Input for this task: Begin
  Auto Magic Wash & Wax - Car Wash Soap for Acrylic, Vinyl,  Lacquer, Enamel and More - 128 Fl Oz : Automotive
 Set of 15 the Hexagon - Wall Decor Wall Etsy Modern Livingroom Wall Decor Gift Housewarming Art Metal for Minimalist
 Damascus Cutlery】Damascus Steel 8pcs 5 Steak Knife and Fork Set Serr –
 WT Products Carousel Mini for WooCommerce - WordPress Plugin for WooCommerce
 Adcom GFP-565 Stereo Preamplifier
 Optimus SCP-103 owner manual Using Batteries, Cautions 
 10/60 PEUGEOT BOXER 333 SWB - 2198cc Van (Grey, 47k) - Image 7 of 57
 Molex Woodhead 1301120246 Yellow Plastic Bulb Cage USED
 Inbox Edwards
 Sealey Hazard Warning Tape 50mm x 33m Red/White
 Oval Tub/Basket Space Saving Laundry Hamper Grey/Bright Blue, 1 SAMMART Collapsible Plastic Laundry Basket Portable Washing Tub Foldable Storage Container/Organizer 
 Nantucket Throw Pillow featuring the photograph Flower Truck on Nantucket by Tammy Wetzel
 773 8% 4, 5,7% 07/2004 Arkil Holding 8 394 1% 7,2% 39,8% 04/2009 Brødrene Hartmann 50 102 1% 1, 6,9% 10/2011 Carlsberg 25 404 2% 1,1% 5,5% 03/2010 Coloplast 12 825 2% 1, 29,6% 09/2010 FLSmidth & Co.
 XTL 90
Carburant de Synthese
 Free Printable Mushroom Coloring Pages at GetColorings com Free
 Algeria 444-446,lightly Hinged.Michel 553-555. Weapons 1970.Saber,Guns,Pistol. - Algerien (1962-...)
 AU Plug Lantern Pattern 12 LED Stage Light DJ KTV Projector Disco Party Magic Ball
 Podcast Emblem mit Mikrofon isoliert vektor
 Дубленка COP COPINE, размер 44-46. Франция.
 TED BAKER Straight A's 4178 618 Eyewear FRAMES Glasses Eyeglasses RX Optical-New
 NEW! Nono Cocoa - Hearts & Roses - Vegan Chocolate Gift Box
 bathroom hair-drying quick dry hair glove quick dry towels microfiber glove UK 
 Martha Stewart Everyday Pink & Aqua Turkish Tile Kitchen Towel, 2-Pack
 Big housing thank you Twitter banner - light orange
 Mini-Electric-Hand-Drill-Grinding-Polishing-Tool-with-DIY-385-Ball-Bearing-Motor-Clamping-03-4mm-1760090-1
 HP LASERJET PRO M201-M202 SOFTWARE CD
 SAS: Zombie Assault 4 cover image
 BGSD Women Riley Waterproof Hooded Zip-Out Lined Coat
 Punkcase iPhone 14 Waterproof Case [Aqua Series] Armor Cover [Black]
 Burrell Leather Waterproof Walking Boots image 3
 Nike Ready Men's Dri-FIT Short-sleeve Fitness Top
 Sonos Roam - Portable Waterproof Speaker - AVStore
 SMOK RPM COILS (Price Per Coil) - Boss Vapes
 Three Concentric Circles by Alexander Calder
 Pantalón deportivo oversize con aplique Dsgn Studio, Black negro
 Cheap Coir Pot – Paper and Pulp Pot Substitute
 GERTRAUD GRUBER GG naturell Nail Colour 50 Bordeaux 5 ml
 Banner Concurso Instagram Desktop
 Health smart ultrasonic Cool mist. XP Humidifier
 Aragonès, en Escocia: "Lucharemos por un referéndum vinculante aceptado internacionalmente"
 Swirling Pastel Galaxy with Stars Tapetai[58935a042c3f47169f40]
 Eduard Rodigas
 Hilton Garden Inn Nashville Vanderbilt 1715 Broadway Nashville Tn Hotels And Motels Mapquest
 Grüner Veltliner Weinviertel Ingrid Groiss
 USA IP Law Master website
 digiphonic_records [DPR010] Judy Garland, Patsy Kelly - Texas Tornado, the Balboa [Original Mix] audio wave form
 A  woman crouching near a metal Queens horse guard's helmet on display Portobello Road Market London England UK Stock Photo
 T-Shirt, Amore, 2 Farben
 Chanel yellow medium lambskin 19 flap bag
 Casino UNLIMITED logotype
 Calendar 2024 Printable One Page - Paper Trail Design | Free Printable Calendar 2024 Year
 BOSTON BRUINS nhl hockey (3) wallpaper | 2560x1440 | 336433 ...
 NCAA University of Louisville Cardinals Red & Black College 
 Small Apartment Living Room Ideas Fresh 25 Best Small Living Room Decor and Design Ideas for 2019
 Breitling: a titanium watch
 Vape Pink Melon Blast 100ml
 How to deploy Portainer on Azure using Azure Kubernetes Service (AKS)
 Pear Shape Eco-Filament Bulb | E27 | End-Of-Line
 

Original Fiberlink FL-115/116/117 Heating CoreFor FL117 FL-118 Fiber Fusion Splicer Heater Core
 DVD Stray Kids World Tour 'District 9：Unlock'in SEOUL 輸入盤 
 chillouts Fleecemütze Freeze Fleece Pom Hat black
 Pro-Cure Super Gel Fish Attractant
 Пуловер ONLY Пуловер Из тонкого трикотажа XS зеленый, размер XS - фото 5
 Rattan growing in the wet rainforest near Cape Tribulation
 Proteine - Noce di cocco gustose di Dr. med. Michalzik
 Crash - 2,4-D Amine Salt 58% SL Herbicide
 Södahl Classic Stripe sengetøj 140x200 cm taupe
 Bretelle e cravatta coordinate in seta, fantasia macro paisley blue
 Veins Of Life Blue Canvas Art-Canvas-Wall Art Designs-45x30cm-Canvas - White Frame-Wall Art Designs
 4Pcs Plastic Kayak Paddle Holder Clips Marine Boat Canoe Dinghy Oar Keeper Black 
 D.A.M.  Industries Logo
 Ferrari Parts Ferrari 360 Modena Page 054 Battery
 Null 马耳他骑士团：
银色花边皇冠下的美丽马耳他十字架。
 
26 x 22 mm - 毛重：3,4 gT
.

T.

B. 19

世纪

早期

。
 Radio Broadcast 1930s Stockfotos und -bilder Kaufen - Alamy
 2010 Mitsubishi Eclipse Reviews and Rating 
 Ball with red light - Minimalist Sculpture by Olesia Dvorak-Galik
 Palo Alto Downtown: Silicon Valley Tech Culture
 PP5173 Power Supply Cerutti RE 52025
Input for this task: End
● Prompt
Search the listing for "Portable" and show every line where it occurs.

● Expected answer
 Oval Tub/Basket Space Saving Laundry Hamper Grey/Bright Blue, 1 SAMMART Collapsible Plastic Laundry Basket Portable Washing Tub Foldable Storage Container/Organizer 
 Sonos Roam - Portable Waterproof Speaker - AVStore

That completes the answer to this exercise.